Айзея тихо вздохнул, глядя на сына как на привидение. А тот вновь заговорил:
– Отец, я знаю о деньгах, которые вы инвестировали под именем Джейкоба Эверси в треугольную торговлю.
Айзея вздрогнул и замер в неподвижности. Лайон тотчас узнал эту его манеру: это было признание вины и одновременно напоминание о прежнем Айзее, который мгновенно продумывал, как обернуть дело в свою пользу.
– Не стану рассказывать, как я узнал об этом, но предпринял это расследование ради женщины, которую люблю. Как вам известно, вопрос об искоренении рабства она принимает очень близко к сердцу, как, впрочем, и я. Да, я разделяю ее убеждения и не могу представить, как вы можете потворствовать процветанию рабства – пусть даже ради прибыли.
Айзея по-прежнему молчал.
– Отец, так каков же был ваш план? Выдать со временем Джейкоба Эверси властям? Или в конце концов предать огласке эту историю, чтобы разрушить его репутацию и навсегда обесчестить его в глазах жены и дочери?
Убийственное молчание затягивалось. Наконец Айзея заговорил, и в голосе его прозвучала угроза:
– Ты не знаешь эту историю, ты совершенно ничего не знаешь.
– Ошибаетесь, отец, я знаю вполне достаточно, – возразил Лайон. – А пришел к вам, чтобы сообщить: лучше не пытайтесь снова сотворить что-нибудь в этом роде.
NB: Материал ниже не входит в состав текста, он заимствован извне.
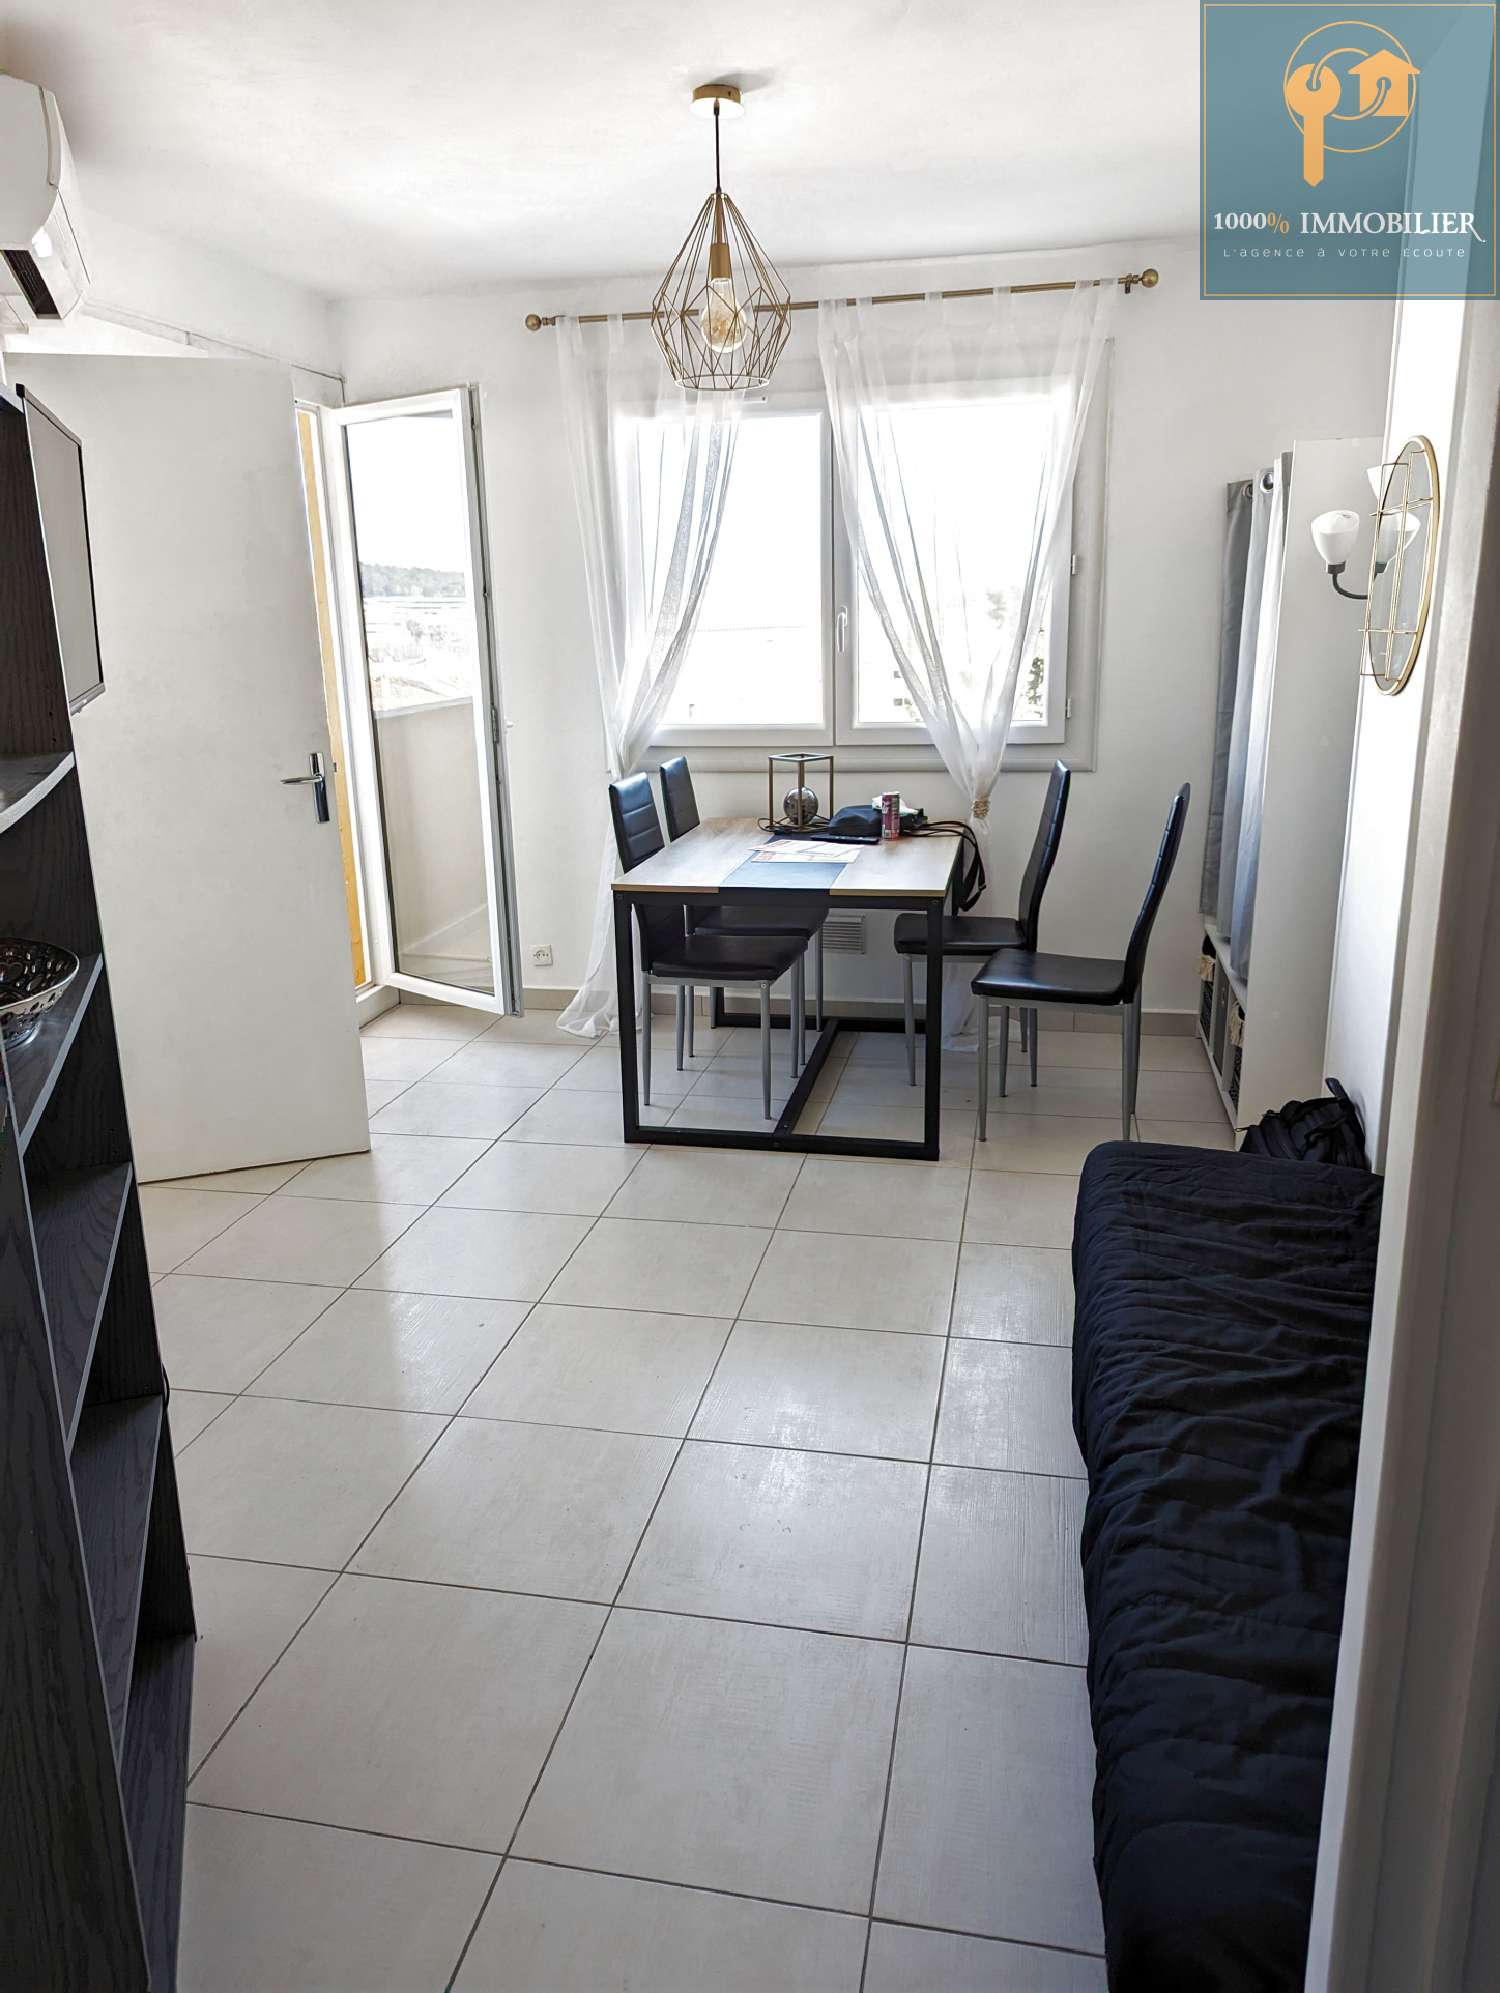  à vendre appartement Le Cap d'Agde Hérault 3

Надеюсь, вы меня поняли.
Айзея молча пожал плечами, а Лайон добавил:
– Я собираюсь жениться на Оливии Эверси, как только мы получим специальное разрешение. Полагаю, это произойдет в следующее воскресенье. Здесь, в Пеннироял-Грин. Будем рады, если вы придете. Но ни она, ни я не нуждаемся в ваших деньгах или в одобрении.
Айзея со вздохом кивнул.
– Отец, я кое-чему научился за последние несколько лет: в чем-то превзошел даже вас, но кое в чем до вас мне далеко. Я никогда не сдаюсь. И превосходно умею делать деньги. Не могу с уверенностью сказать, к счастью или к несчастью, но я стал таким, каков я сейчас, главным образом благодаря вам, отец. Поэтому огромное вам спасибо.
– Лайон, я… – Айзея откашлялся. – Лайон, я просто… Я очень рад, что ты дома.
И было очевидно, что эти слова – правда. Лайон знал, что отец действительно любил его, любил по-своему. И то, как он поступал со всеми членами своей семьи, являлось попыткой оправдать выбор, сделанный им много лет назад. Но это не делало отцовский выбор правильным. Поэтому Лайон промолчал.
Какое-то время мужчины пристально смотрели друг на друга. Но в конце концов Лайон все же задал вопрос, давно мучивший его.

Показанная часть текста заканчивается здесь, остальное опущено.